Demand in oil and gas, railways, water supply are all strong. Companies which are dependent on exports are facing slow down. MSME companies are facing a tight liquidity situation due to regulatory tightening. Discretionary expenses are being postponed due to interest rate hike. The poorer sections of society are feeling the pinch of higher medical bills and high Inflation. Joblessness has been there for the last two years, though things are getting better. Household budgets are getting stressed and people are postponing discretionary expenditure. This is somewhat reflected in motorcycle sales. If people were looking at replacing a motorcycle after 5-7 years, now they are postponing it by two years.

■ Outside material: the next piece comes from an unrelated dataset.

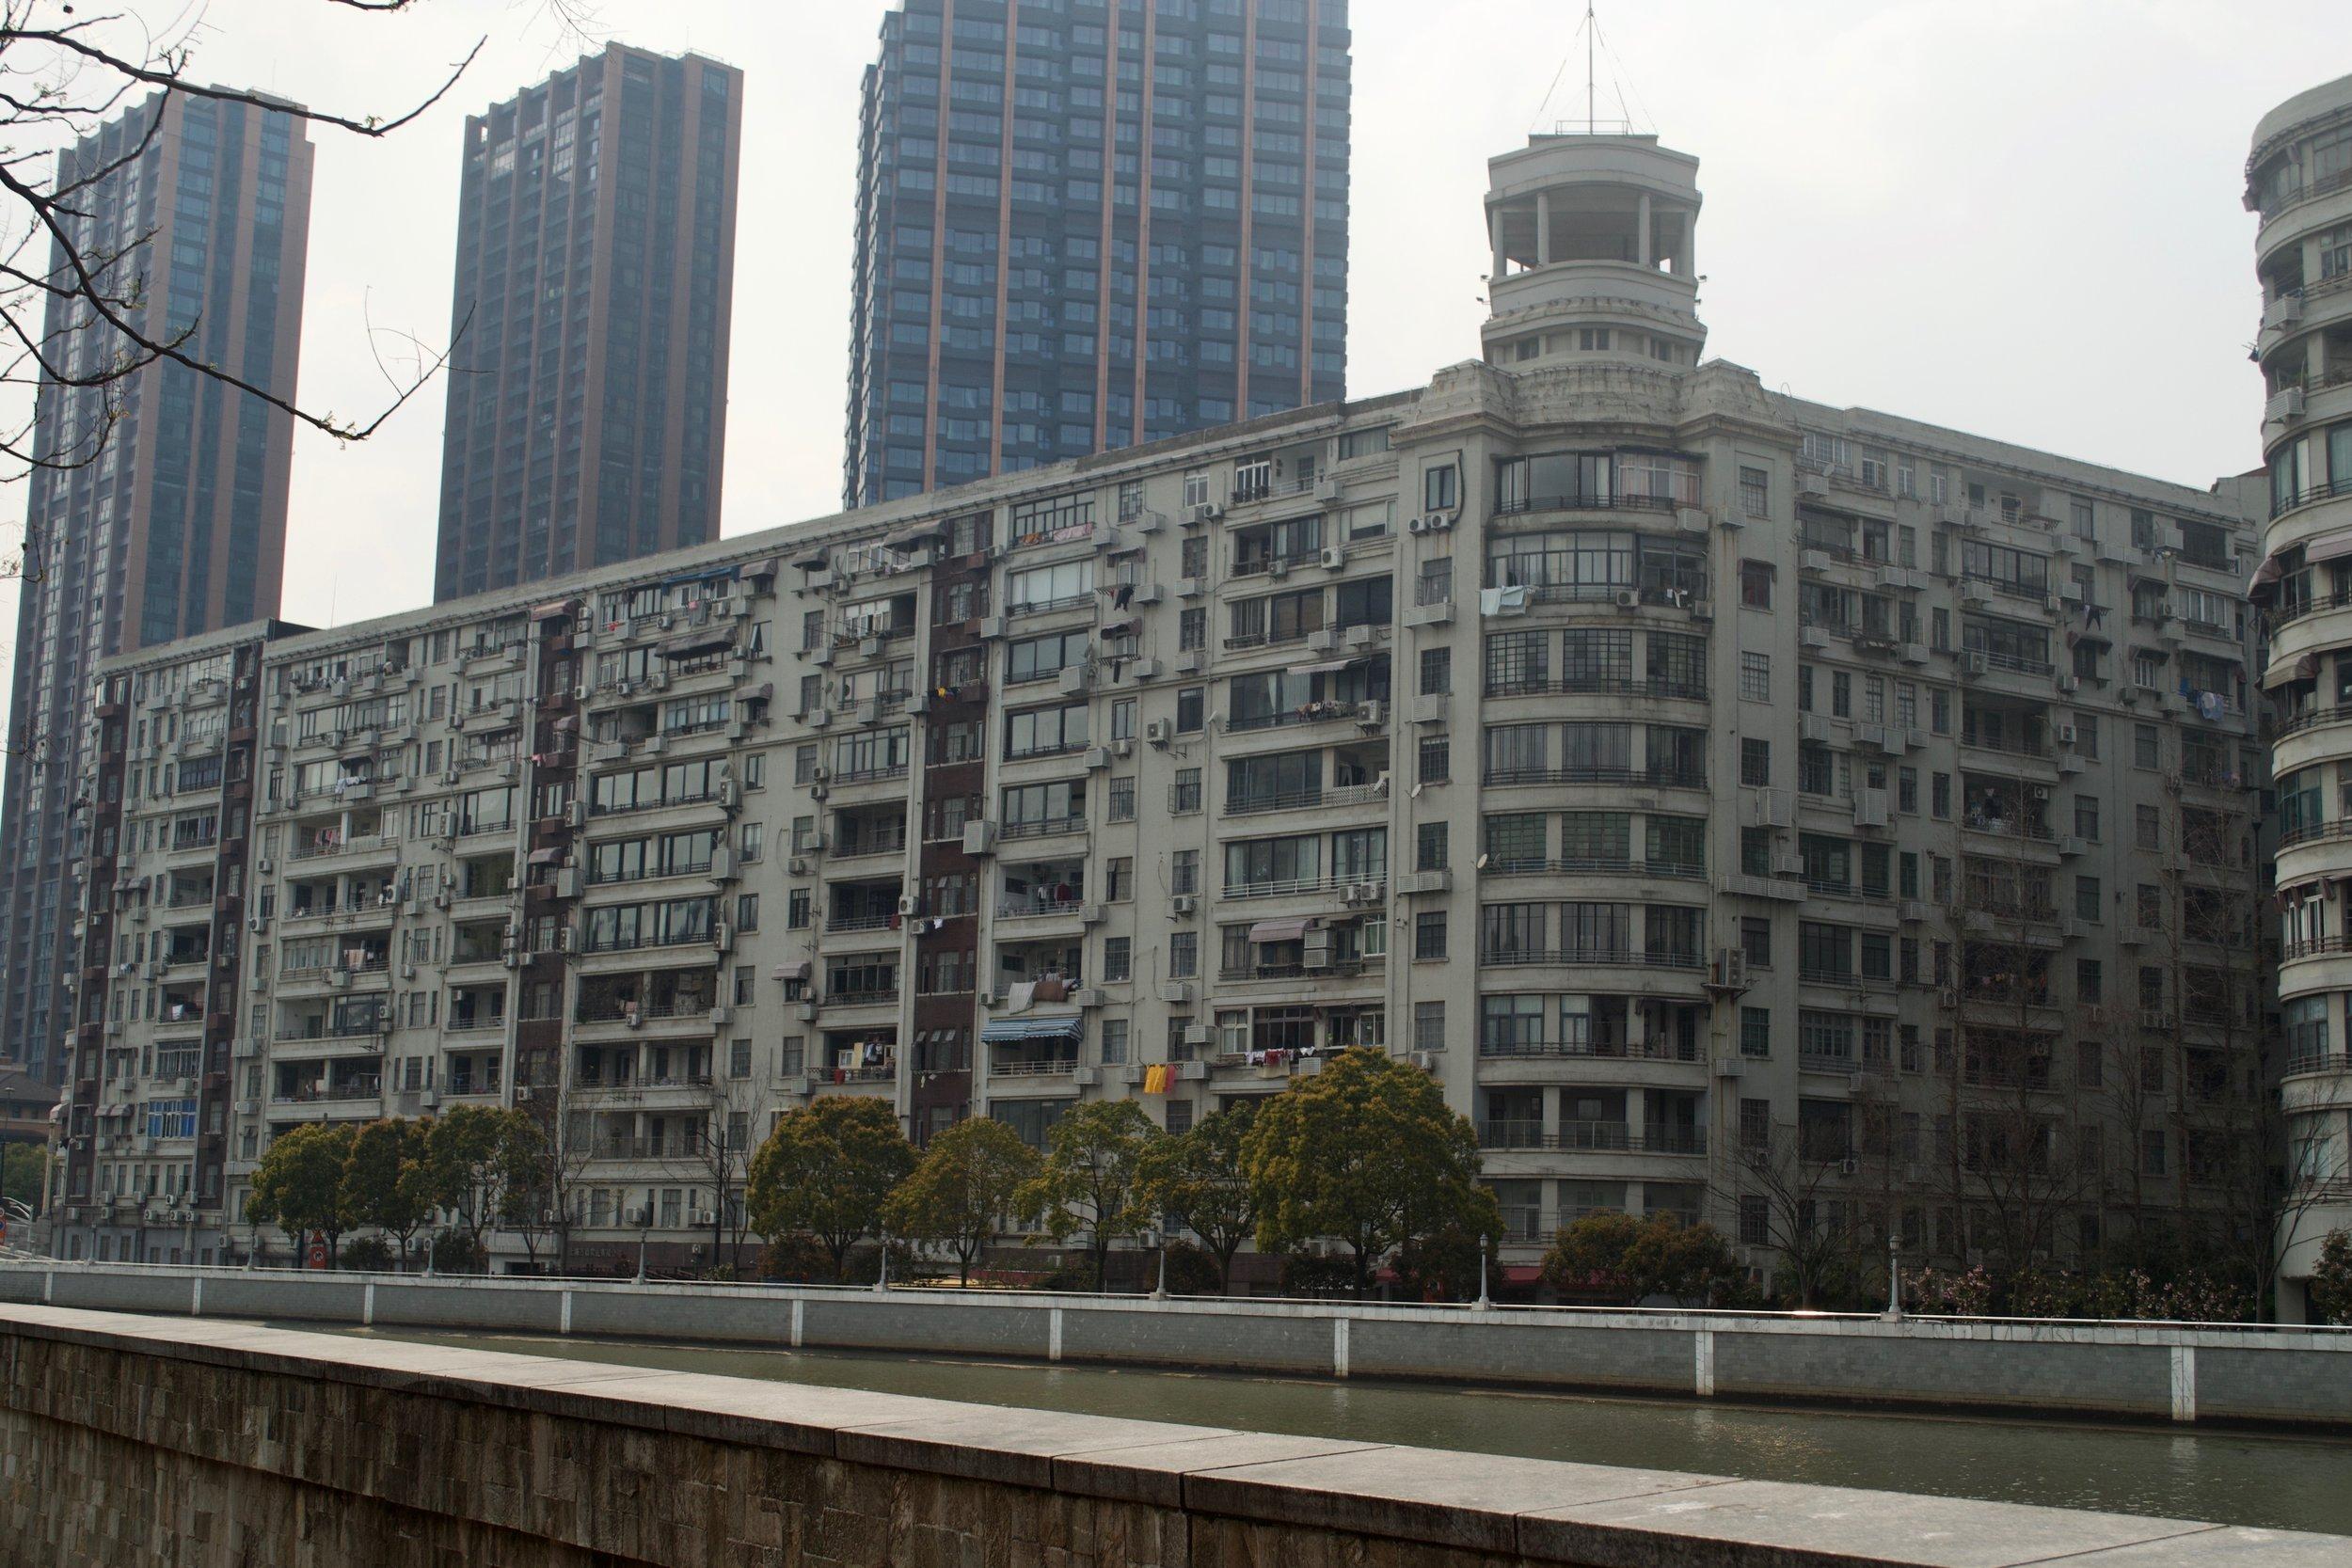 Embarkment House (河滨大楼) [Nicholas Zhang Archives]

Do you see steel pricing pressure?

There will be some pressure. This is a volatile industry. You know things will go up and down. It went up between January and April and started coming down a bit. A lot depends on what happens in China. The trigger for fall in prices was from China which produced and exported more as coal and iron ore prices went down. They managed to drop steel prices. However, at the current steel prices I do not think they are making money. If the fundamentals are weak, everything else is temporary. If the fundamentals are strong, then you know there’s a little bit more of a long-term confidence which comes in. Globally, fundamentals are a bit fragile, but in India, I think it is still quite strong.